Steinberg and Chofshi were no longer young men in the 1950s. Ihud’s efforts eventually faded away in the context of mainstream Israeli state politics, while the Freeland League’s active work ended not long after Steinberg’s death in 1957. But the intention here has not been to mourn a lost world of Jewish political behavior that never came to pass. This is also not a story of the “good guys” versus the “bad guys” of Jewish territorial politics, in which the “bad guys” (the Zionists) emerged victorious, and the moral victors (the territorialists) lost out.

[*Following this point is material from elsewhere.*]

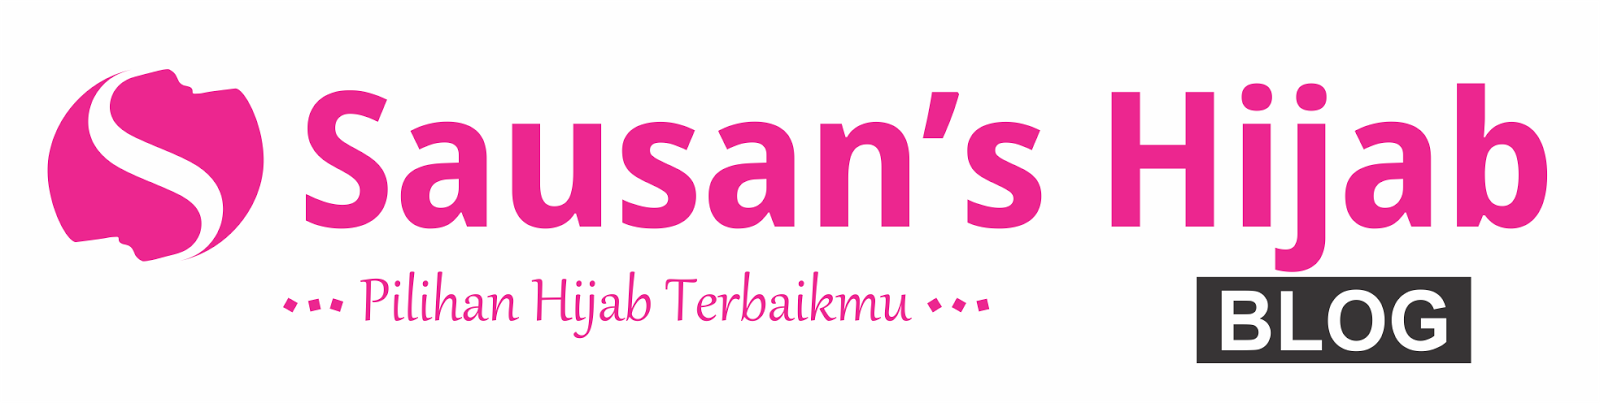 Jilbab Bekasi | Pilihan Hijab Terbaik di Bekasi

And to be clear: the ITO and the freelanders were certainly no moral saints. They too had complex ideas about race and social engineering that accorded with the period’s colonial and racist tendencies. Even Steinberg, so exhilarated about becoming part of the decolonizing world, could not fully square the circle when it came to the Indigenous peoples of the supposedly “empty” lands Jews were to settle instead of Palestine.

What we should take away from this story is not that the territorialists necessarily held the moral high ground in comparison to the Zionists. It is rather that their often-ignored history helps to uncover a much more diverse Jewish political universe than the unchallenged equation of Zionism and Jewish politics would allow for. But even just focusing on Zionism itself, the connection between Steinberg and Chofshi demonstrates a lost universe of Zionist heterodoxy that lasted well beyond the establishment of the State of Israel in May 1948.

Israel Zangwill, the founding father of the territorialist movement, famously wrote: “The past is for inspiration, not imitation, for continuation, not repetition.” Indeed, the past can never provide a blueprint for the future, but perhaps the multidirectionality of the Jewish political past can provide at least a ray of hope that the political imagination may one day serve as a guide out of the moral impasse in which many on the Jewish political left now feel trapped.